### INPUT DATA
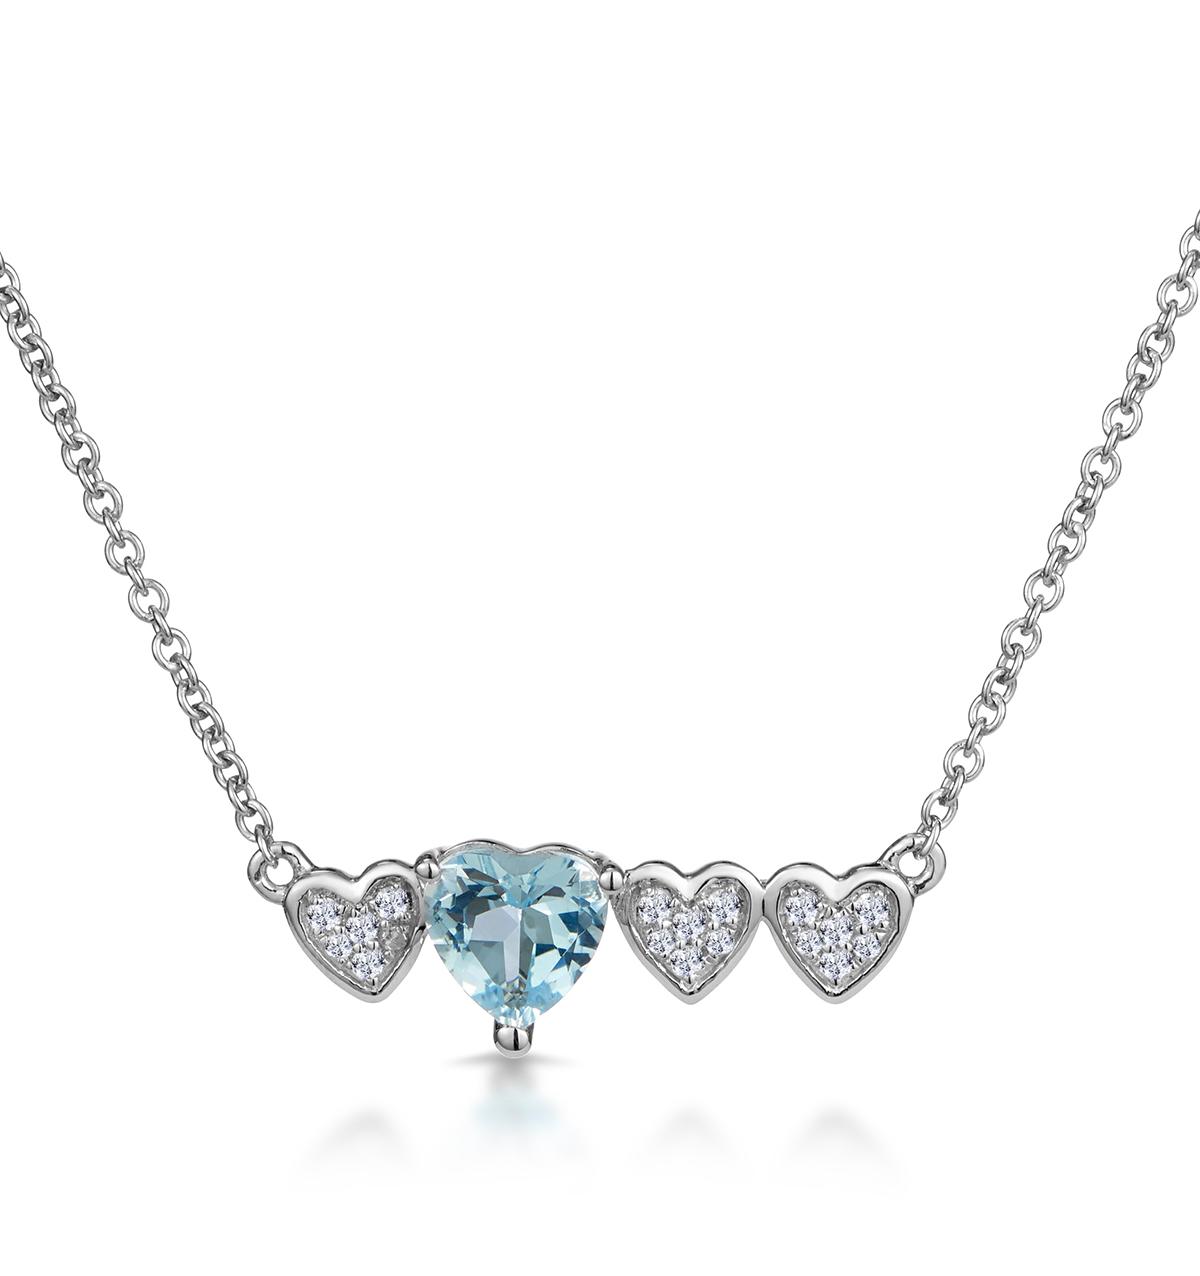 AQUAMARINE AND DIAMOND STELLATO HEART NECKLACE IN 9K WHITE GOLD
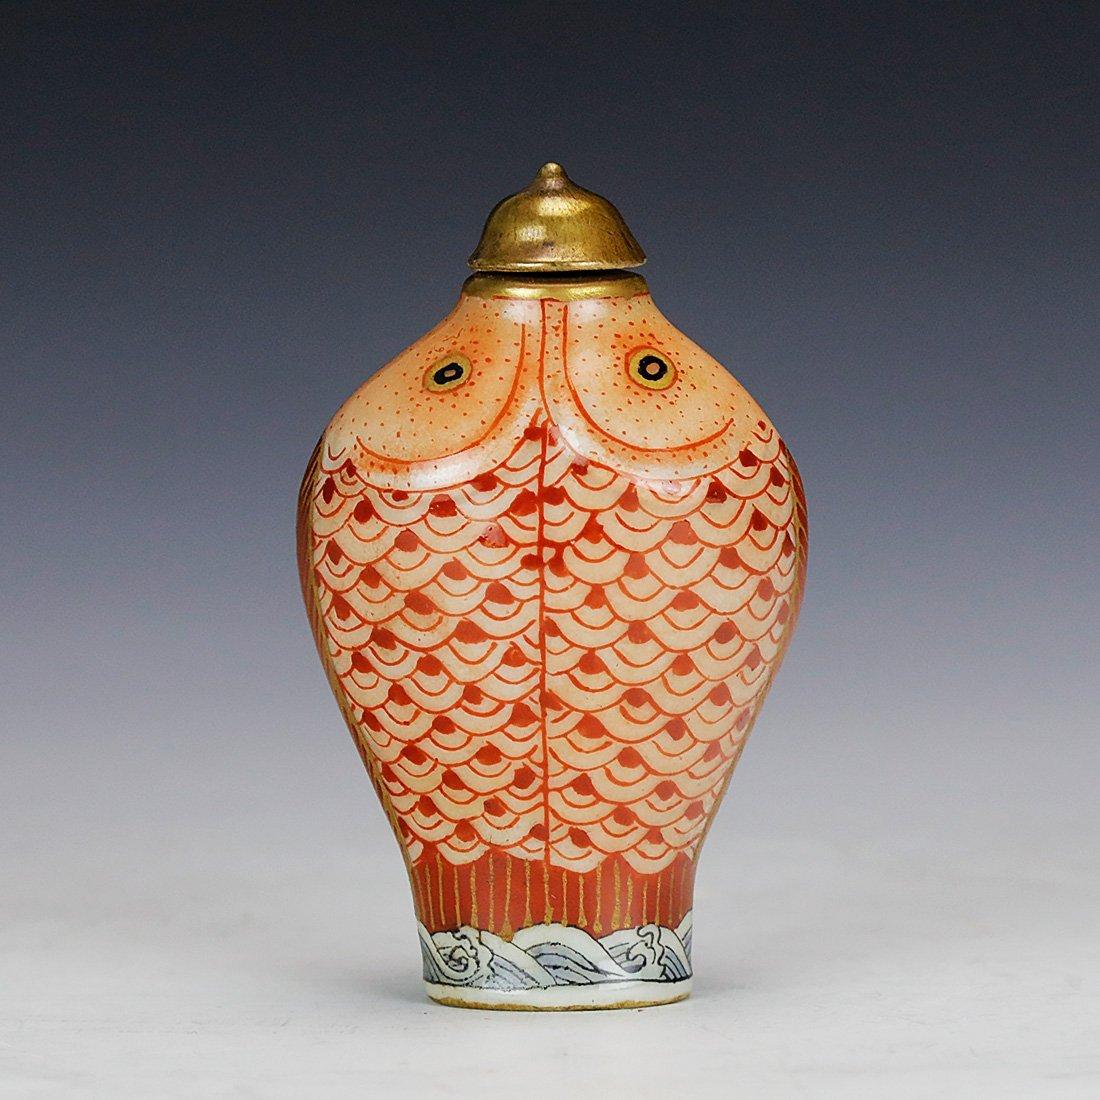 Qianlong ceramic snuff box Hand painted gold 18 century - 3
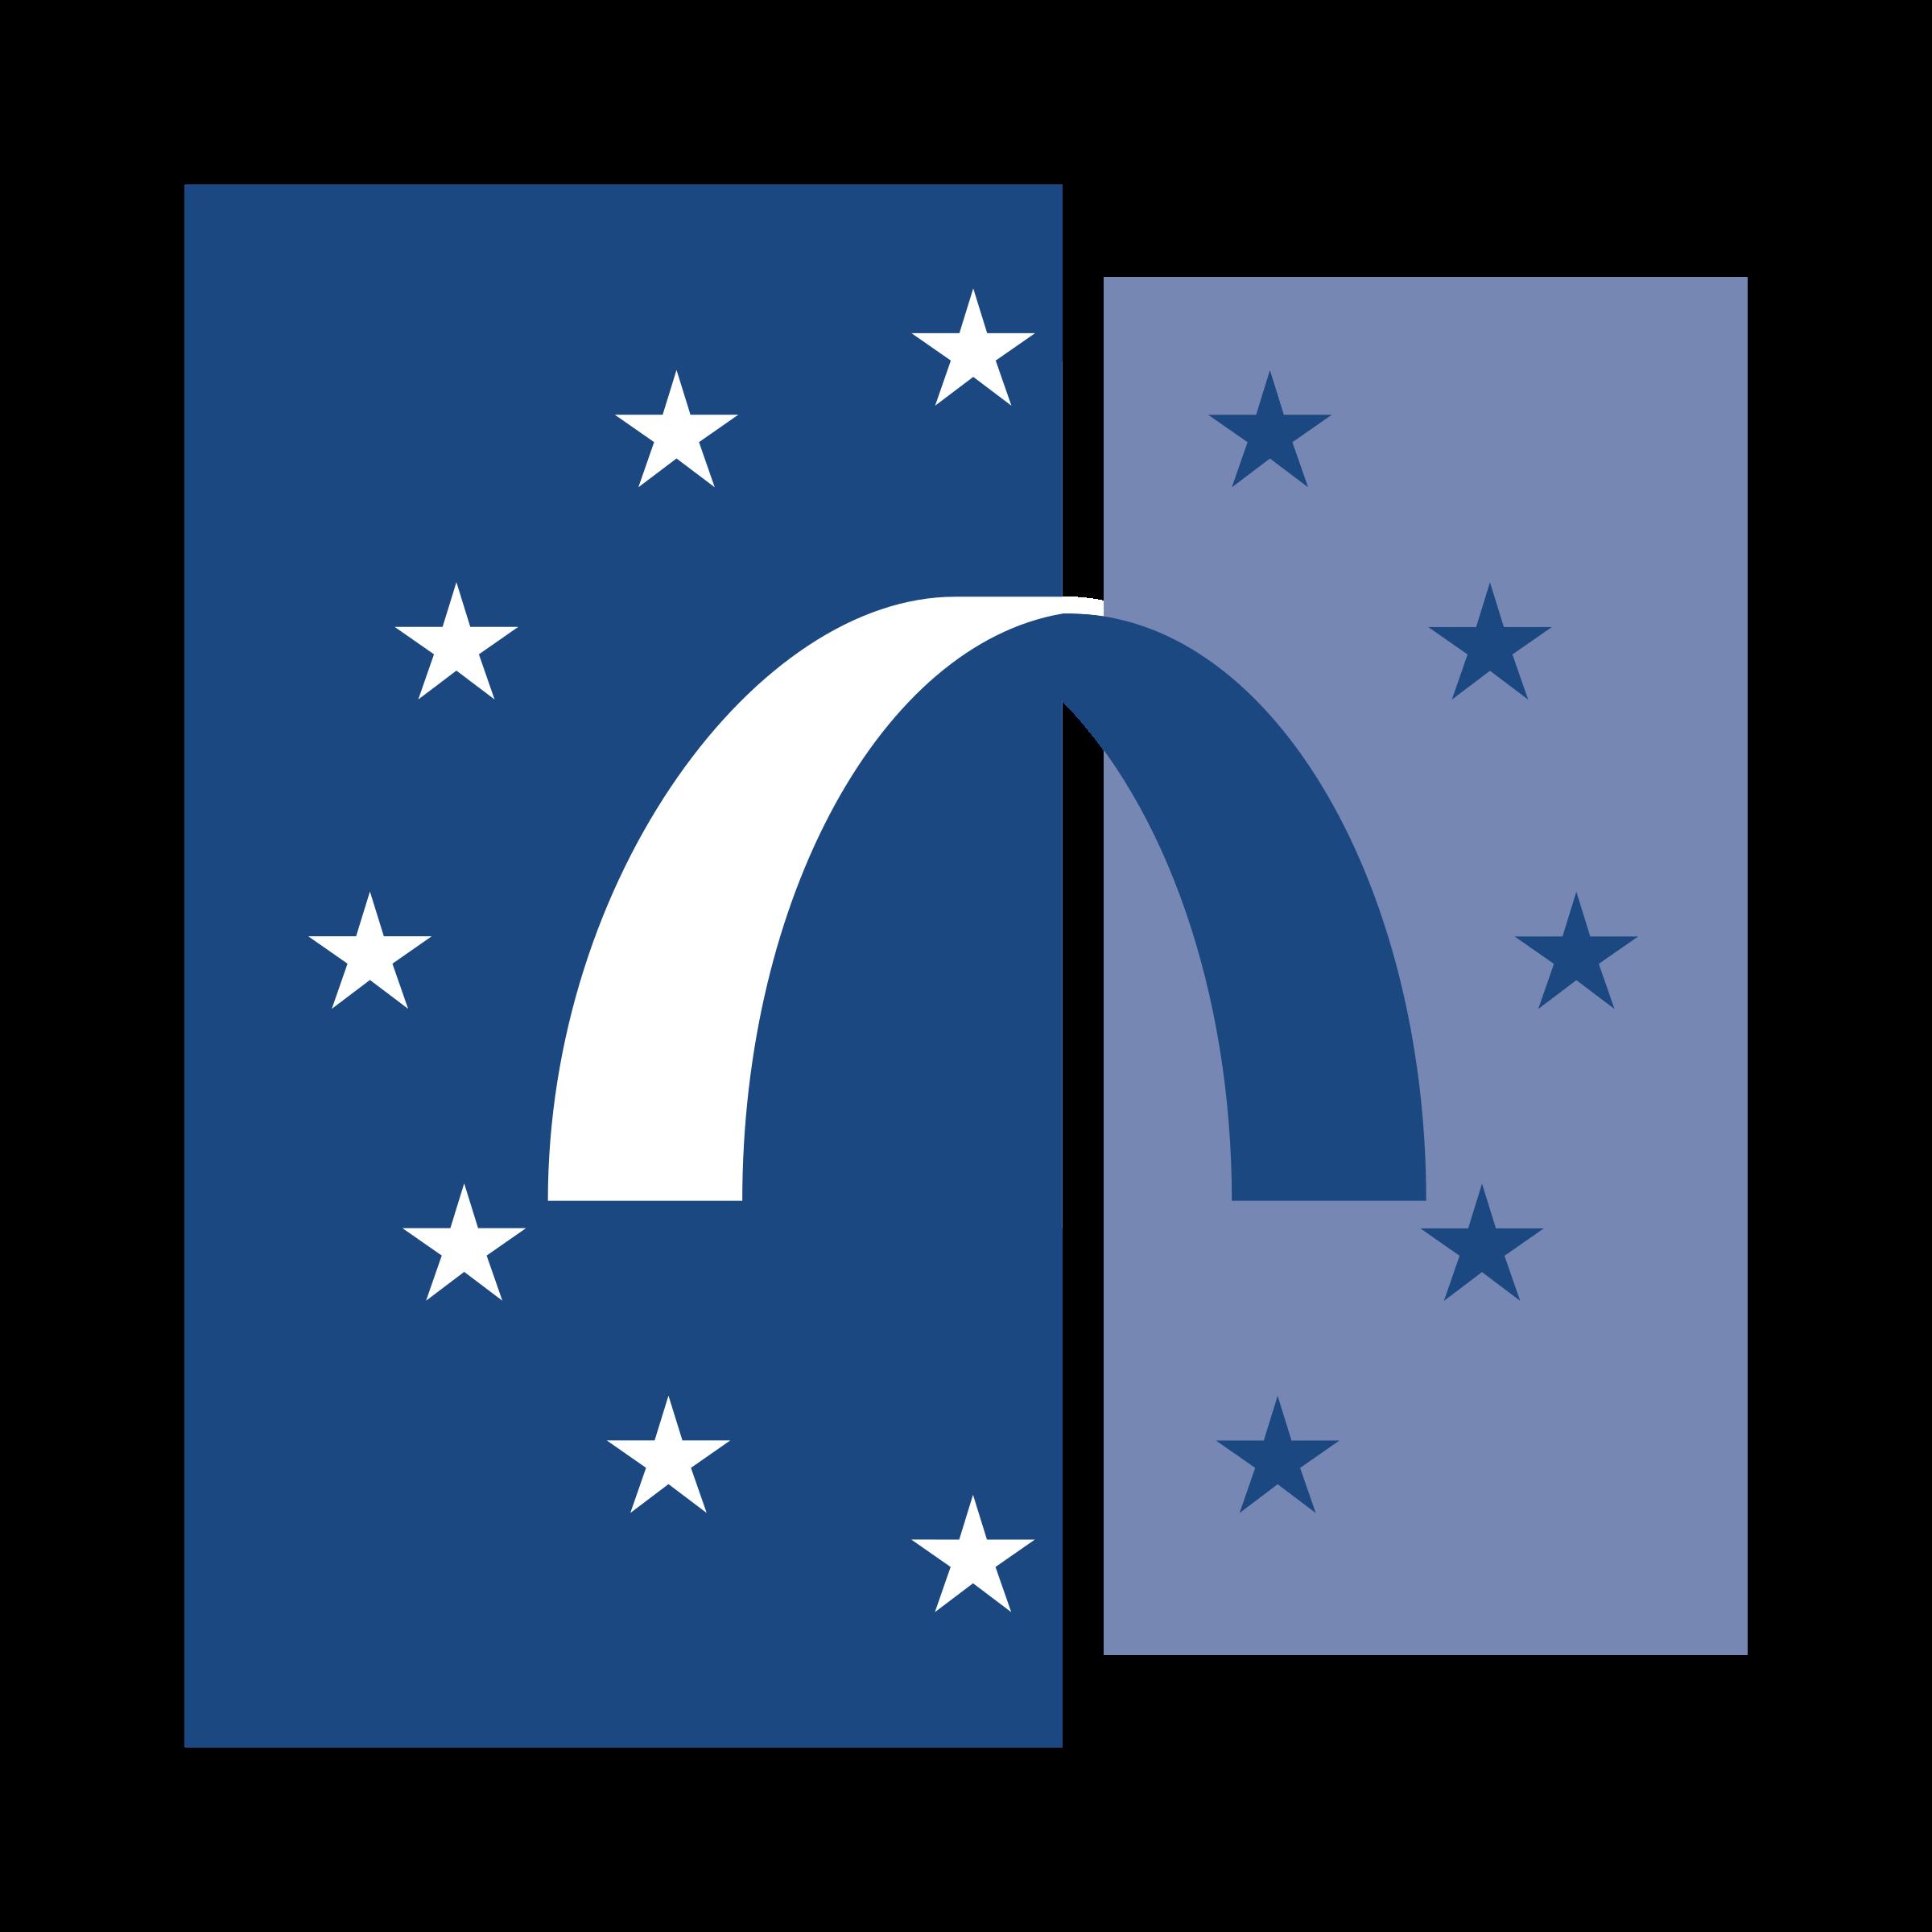 emcdda-logo-png-transparent.png

### TASK TO CARRY OUT
Would it be possible to reproduce the material word for word, images omitted?

### WRITTEN SOLUTION
 AQUAMARINE AND DIAMOND STELLATO HEART NECKLACE IN 9K WHITE GOLD
 Qianlong ceramic snuff box Hand painted gold 18 century - 3
 emcdda-logo-png-transparent.png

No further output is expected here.